Padre binaries: build_autoc (Build auto-completion)
Managed by | Updated .
build_autoc
The build_autoc command can be used to generate query completion .autoc files for a collection.
This can be called to construct auto-completion from arbitrary sources. It's commonly used in post-swap or post-index workflow to produce structured auto-completion based off CSV data generated from the index.
Purpose
To build a query completion file (.autoc) from a list of input files.
Usage
/opt/funnelback/bin/build_autoc stem input_file ... [-collection name -profile name] [-partials] [-label_organics] [-debug]
-profile <name>
: generate scoped .autoc file for the specified profile. A previous run of build_autoc
must have been called with -index
.
-collection <name>
: generate scoped .autoc file for the specified collection. Both -profile
and -collection
need to be specified when generating scoped suggestions
-partials
: this version allows multi-word organic suggestions (from index.suggest
) to be triggered either from the full suggestions or from trailing word sequences. E.g. 'big fat cat' triggered from 'fat cat' and 'cat' as well as the full string. This option turns that on.
-label_organics
: present a category label for all the organic completions. Deprecated.
-sample <val>
: Sample postings of suggestion terms, to handle large collections, <val>
ranges 0 - 300; speeds up processing with the effect of sampling the suggestions. (1/val postings are used).

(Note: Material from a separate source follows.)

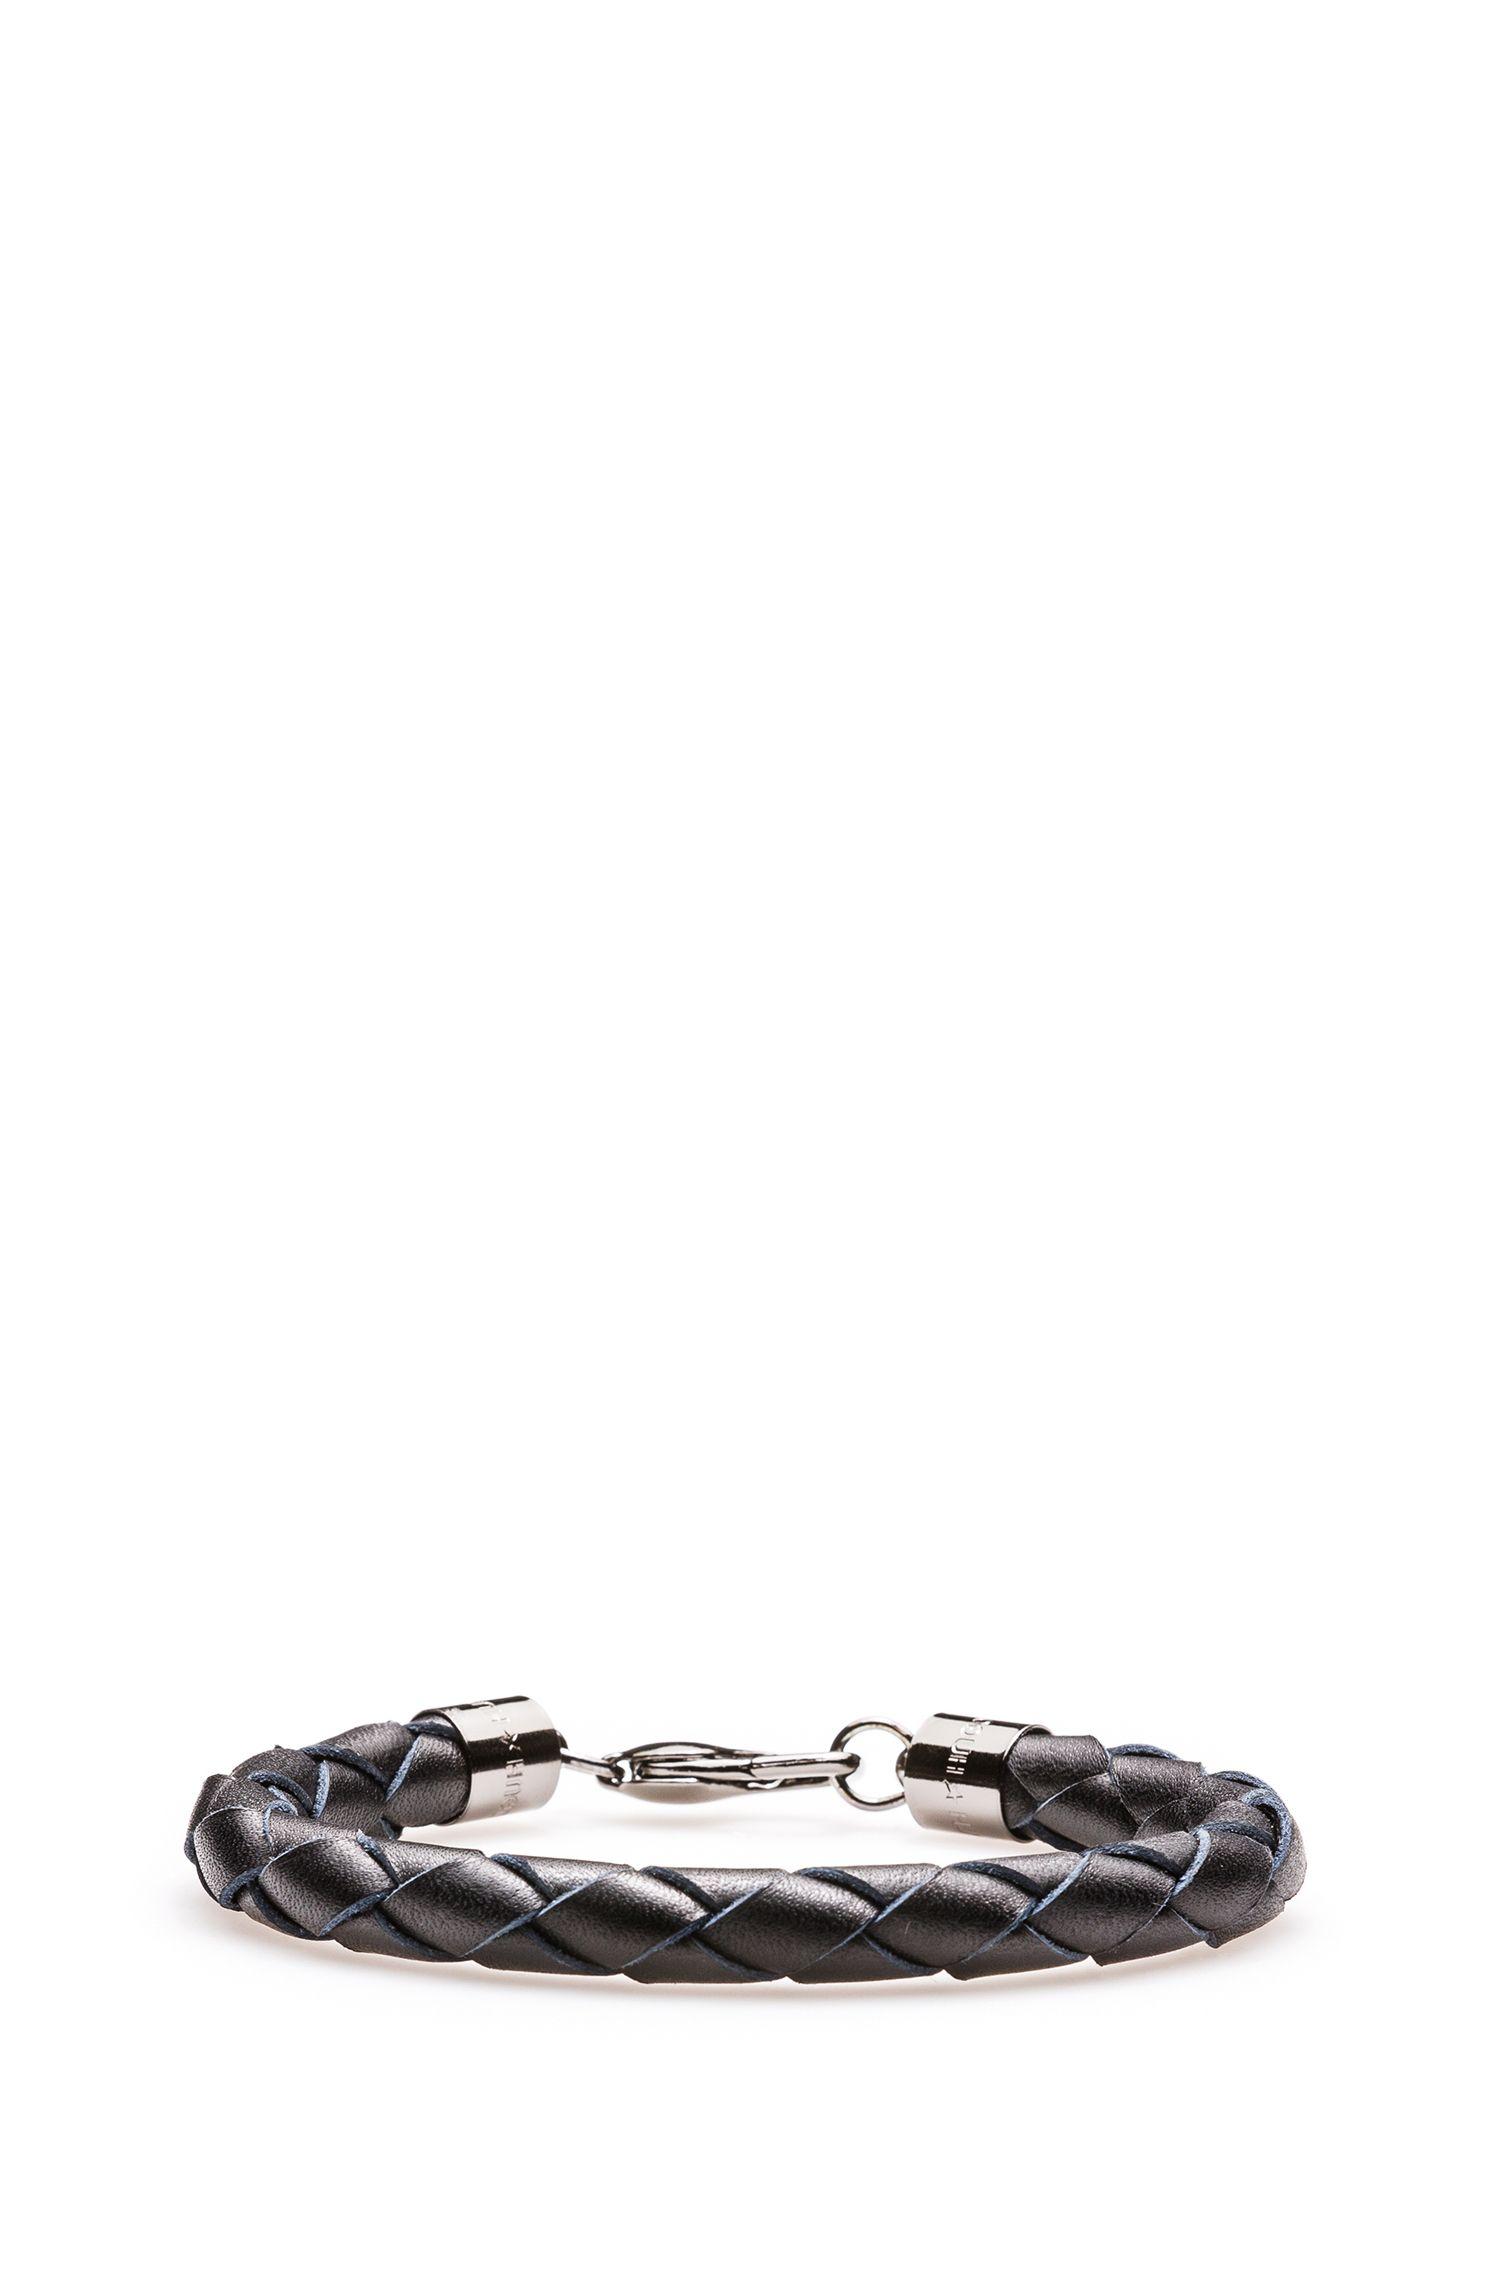 Woven Leather Bracelet | E-Cuir

Note: /opt/funnelback/bin/build_autoc can now build a single .autoc file from multiple input files of the same or different types. Files with very simple format can be combined with hand-crafted files containing complex actions. Completion weights from a .suggest file are automatically determined, while they can be manually specified in a CSV file. Completion weights from Best Bets default to 100.
Example - blah.csv
will be sorted and indexed into index.autoc
. Input_file(s) must end in .csv
, .suggest
, or .cfg
.
/opt/funnelback/bin/build_autoc index blah.csv
Example - generate an auto-completion dataset based on the collection's words:
$SEARCH_HOME/bin/build_autoc $SEARCH_HOME/data/$COLLECTION_NAME/$CURRENT_VIEW/idx/index $SEARCH_HOME/data/$COLLECTION_NAME/$CURRENT_VIEW/idx/index.suggest
Example - generate an auto-completion dataset based on the two CSV files:
$SEARCH_HOME/bin/build_autoc $SEARCH_HOME/data/$COLLECTION_NAME/$CURRENT_VIEW/idx/index $SEARCH_HOME/conf/$COLLECTION_NAME/staff/auto-completion.csv $SEARCH_HOME/conf/$COLLECTION_NAME/courses/auto-completion.csv
Gotchas
When building auto-completion for a meta collection ensure you use the index.suggest file only from the meta collection and not from the component collections (otherwise you'll get duplicates in the suggestions).
Make sure the .autoc file that is built is copied to the meta collection's live/idx folder and that this file is pushed to any remote query processor servers.